NoSQL approaches are so interesting and promising because they represent a break from the functional fixation that the relational model is the only conceivable model for enterprise data. In an earlier posting, I wrote:

Relational data models have ruled enterprise data management for more than 20 years -- to the point where it may be hard for generations of developers to imagine that there could be any kind of data model other than rows and columns.

This is the world we've lived in -- terrific for tabulations and Accounts Payable, but not necessarily well aligned for other problem domains. The challenge in moving beyond Relational is that our assimilation of "Relational" hinders us in looking at problems in anything other than Relational terms. This is a manifestation of a pattern that psychologist Karl Duncker called functional fixity -- the condition in which we grasp our principal tool as a hammer, thus our whole world comes to look like nails.

Eric Haseltine writes about functional fixity, creativity and invention in his book Long Fuse, Big Bang, in which he describes some of the opportunities that arise from seeing the world with new eyes. Haseltine writes:

In a classic functional fixity experiment, test subjects are asked how they would-- without grabbing the end of the rope-- get the ends of a rope suspended from a ceiling to touch opposite walls. Aside from the rope, the only object in the room is a pair of pliers sitting on the floor. Most test subjects don't realize that the only way to solve the problem is to tie the pliers to the end of the rope, then swing it so that the pliers-acting as a weight-carry the end of the rope to one wall, then, in pendulum style, to the other. The few subjects who perceive the pliers as a weight instead of a tool, solve the problem.

The progression of Moore's Law and advancement of NoSQL data approaches, cloud deployment, and modern languages and tools can open doors to advancements that would have been inconceivable without the synchronicity of these technological advances. We have new solution archetypes:

  • Key-value storage (Memcached, Redis, Voldemort) for caches and transient data...
  • Hadoop and MapReduce for massively parallel data processing
  • Document databases (MongoDB, CouchDB) for log files and serial data
  • Graph databases (Neo4j) for the social graph and applications

...but the kinds of solutions possible with these new approaches are far broader than that. We just need to keep building the skills to see such solutions as they become possible.
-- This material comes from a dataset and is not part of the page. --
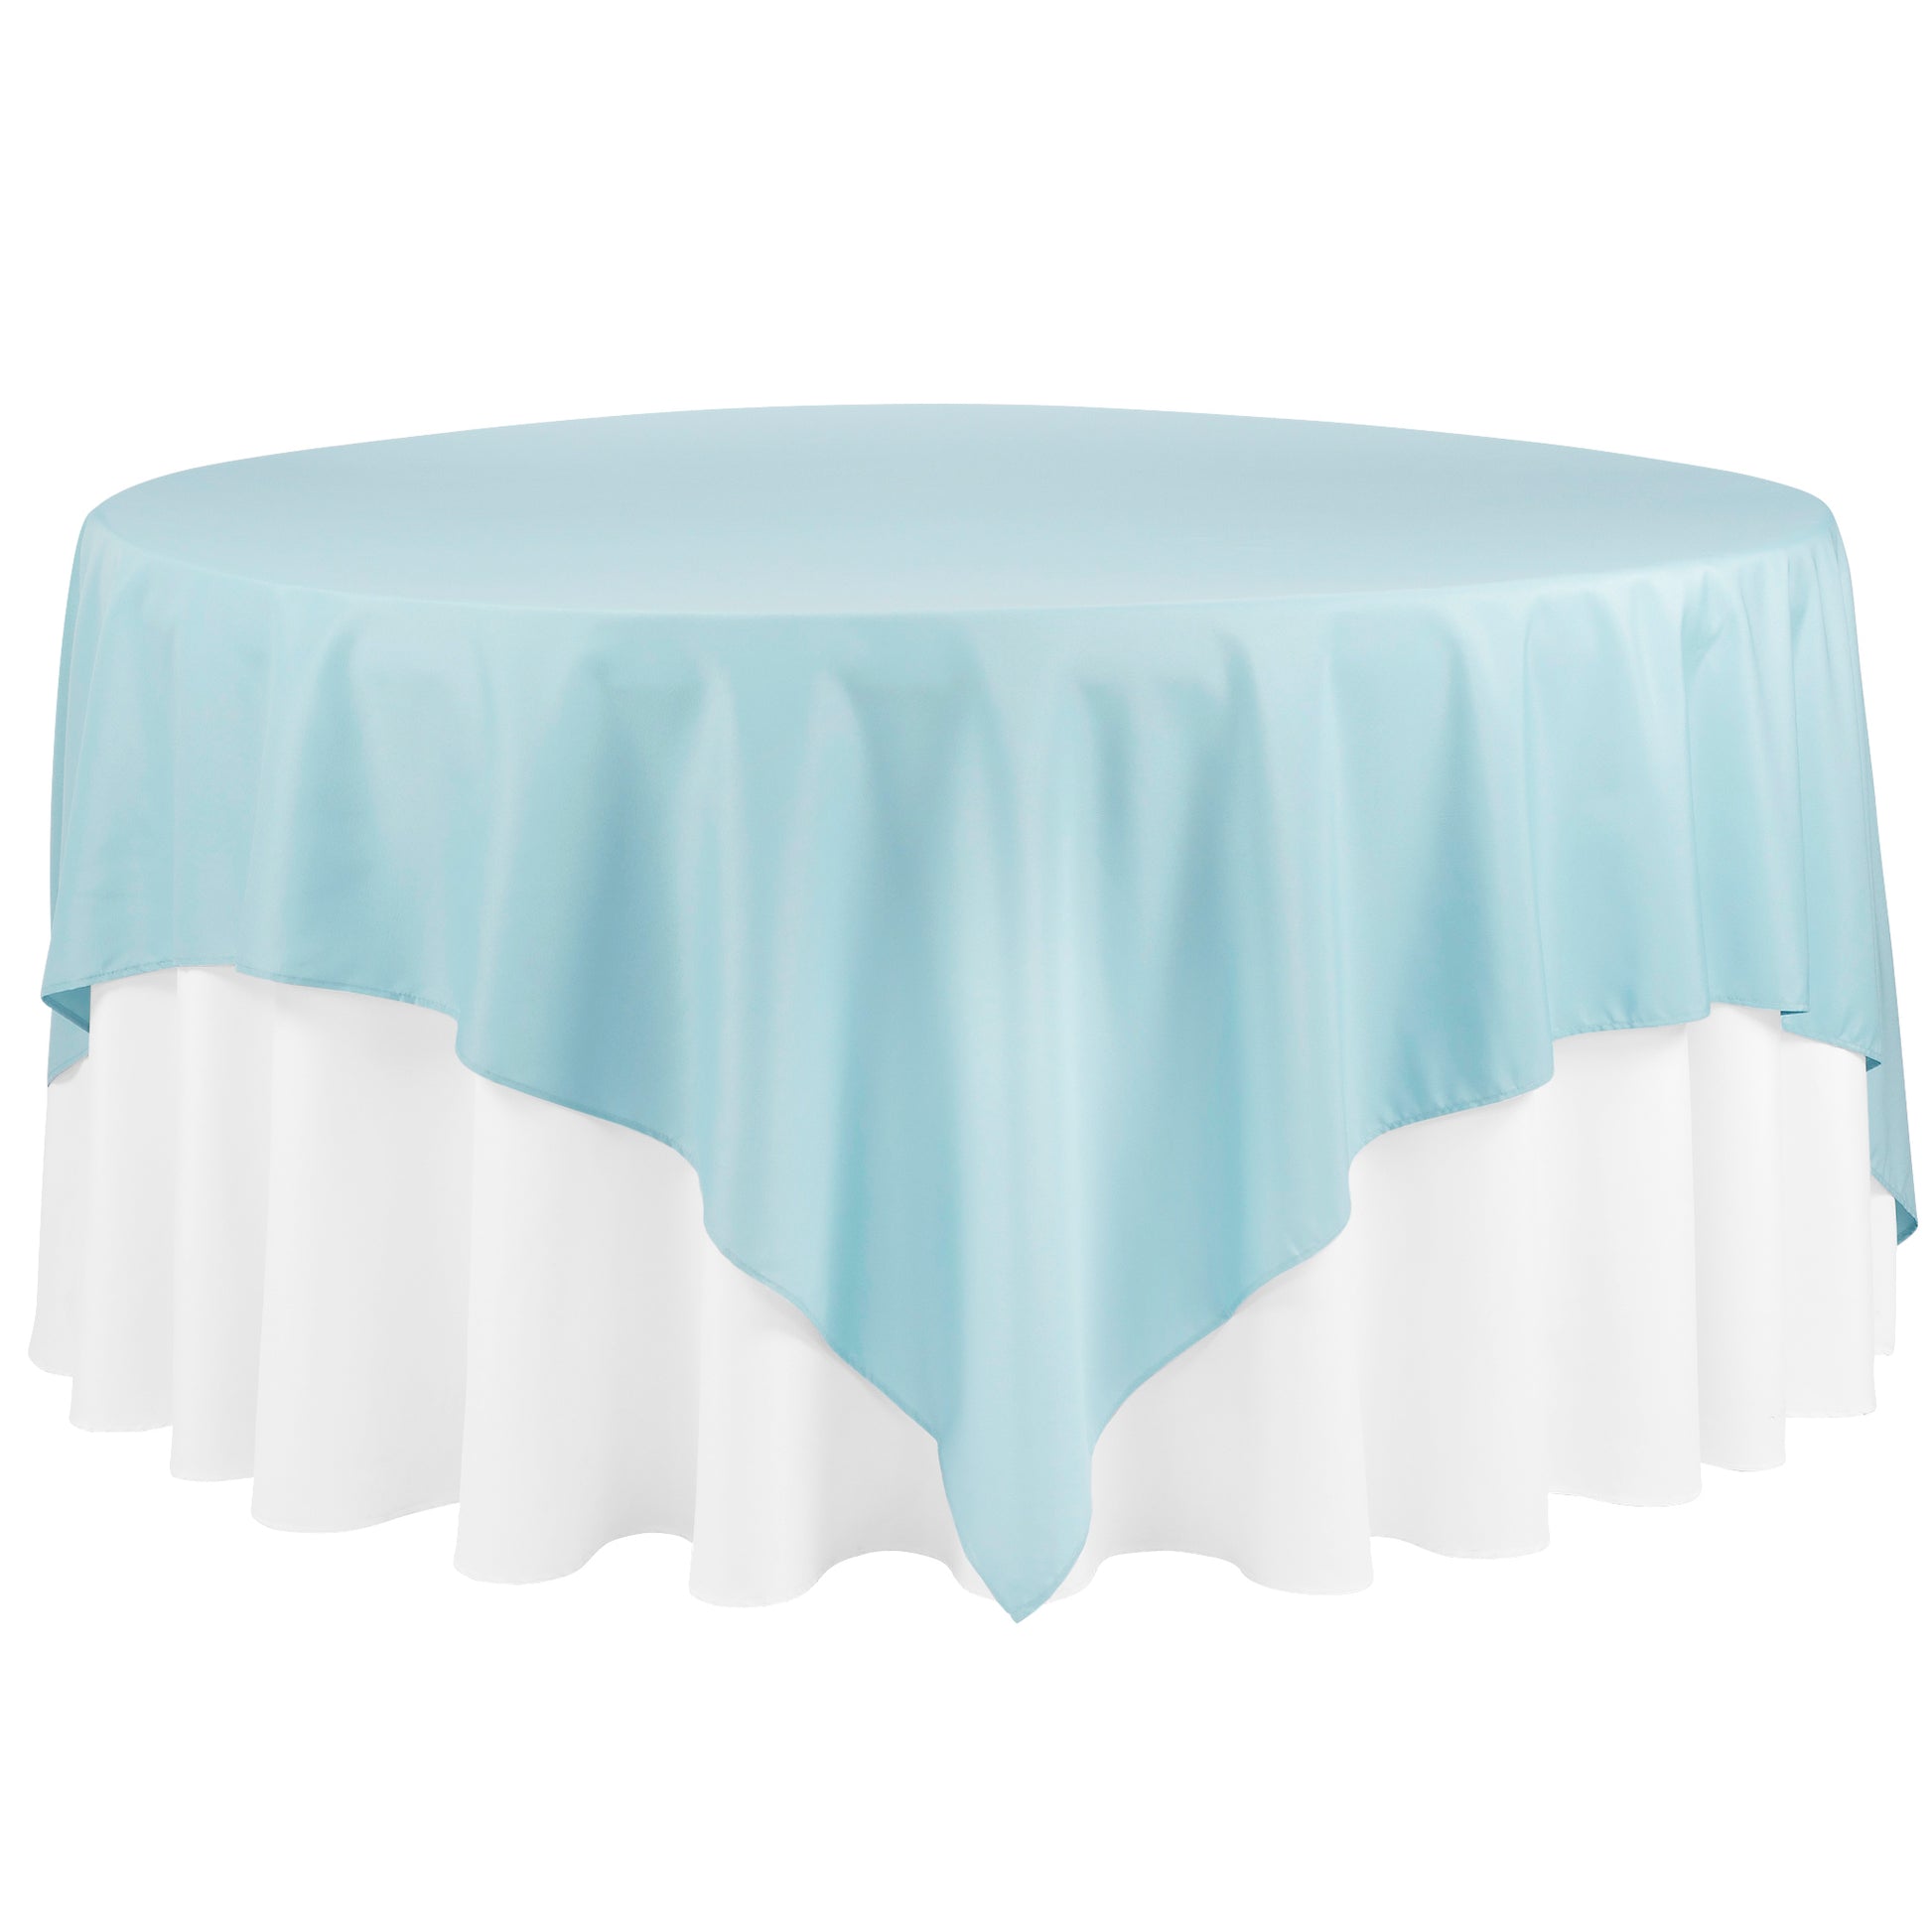 Economy Polyester Table Overlay Topper/Tablecloth 90"x90" Square - Baby Blue - CV Linens

“The real voyage of discovery consists not in seeking new landscapes but in having new eyes.” ~ Proust


Spreadsheets for the New Millennium

"We shape our tools, and thereafter our tools shape us." ~ Marshall McLuhan

I've done a lot of writing on "big data" and NoSQL solutions over the past couple of months, and it's time to take stock of it all: "Why should anyone care about any of this?" I've spent some time in 2011 playing with the four main varieties of new "NoSQL" data stores:

  • I started with a simple little note taking app, hosted on the cloud and backed by document-oriented store MongoDB --
  • The second application was a URL shortener, hosted on the cloud and backed by the key-value NoSQL store Redis -- based on a terrific example: An URL shortener with Ruby on Rails 3 and Redis by Christoph Petschnig You can play with the URL shortener here: Mini-URLs -- bit.ly for the masses
  • The third application was a nice Hadoop / Cloudera model to perform word counts across a bunch of files. It was based on Phil Whelan's terrific posting and it showed just how easy it can be to trigger MPP with Hadoop and Cloudera
  • My final example is a "6 Degrees of Kevin Bacon" social-graph-solution generator written in the graph database Neo4j, based on Ian Dees' terrific Everyday JRuby posting
    This is a fun little app, and you can play the 6-Degrees game here: 6-Degrees of Kevin Bacon

So we have some examples up, but why does this matter? Who cares?

As it turns out we have a confluence of a number of technologies and trends that make solutions of an entirely new type possible. Here's what's new:

  • The Internet makes it possible to market to the masses, and keep detailed records of their response-to-stimuli
  • The Cloud makes it possible to spin up supercomputer-level resources with no capital expenses
  • The "NoSQL" family of data stores has arisen to deal with non-relational data challenges: Hadoop for MPP, Memcached, Redis and Voldemort for transient data, SETI and CouchDB for log data, etc.
  • Visualization tools like Tableau make it possible to create stories and narratives that result from the other tools here

So why does this matter, and how might things turn out for the pioneers of something new like this? For the answer let's look back to a previous example, in which an MBA-student decided to try programming a "toy" personal computer to manage data for the business cases he encountered at school. In 1979 the MBA (Dan Bricklin) asked a buddy (Bob Frankston) to help him code up a solution on a primitive, toy Apple II. How that that turn out for them? As Steven Levy wrote, way back in 1984:

It is not far-fetched to imagine that the introduction of the electronic spreadsheet will have an effect like that brought about by the development during the Renaissance of double-entry bookkeeping. Like the new spreadsheet, the double-entry ledger, with its separation of debits and credits, gave merchants a more accurate picture of their businesses and let them see – there, on the page – how they might grow by pruning here, investing there. The electronic spreadsheet is to double entry what an oil painting is to a sketch. And just as double-entry changed not only individual businesses but business, so has the electronic spreadsheet.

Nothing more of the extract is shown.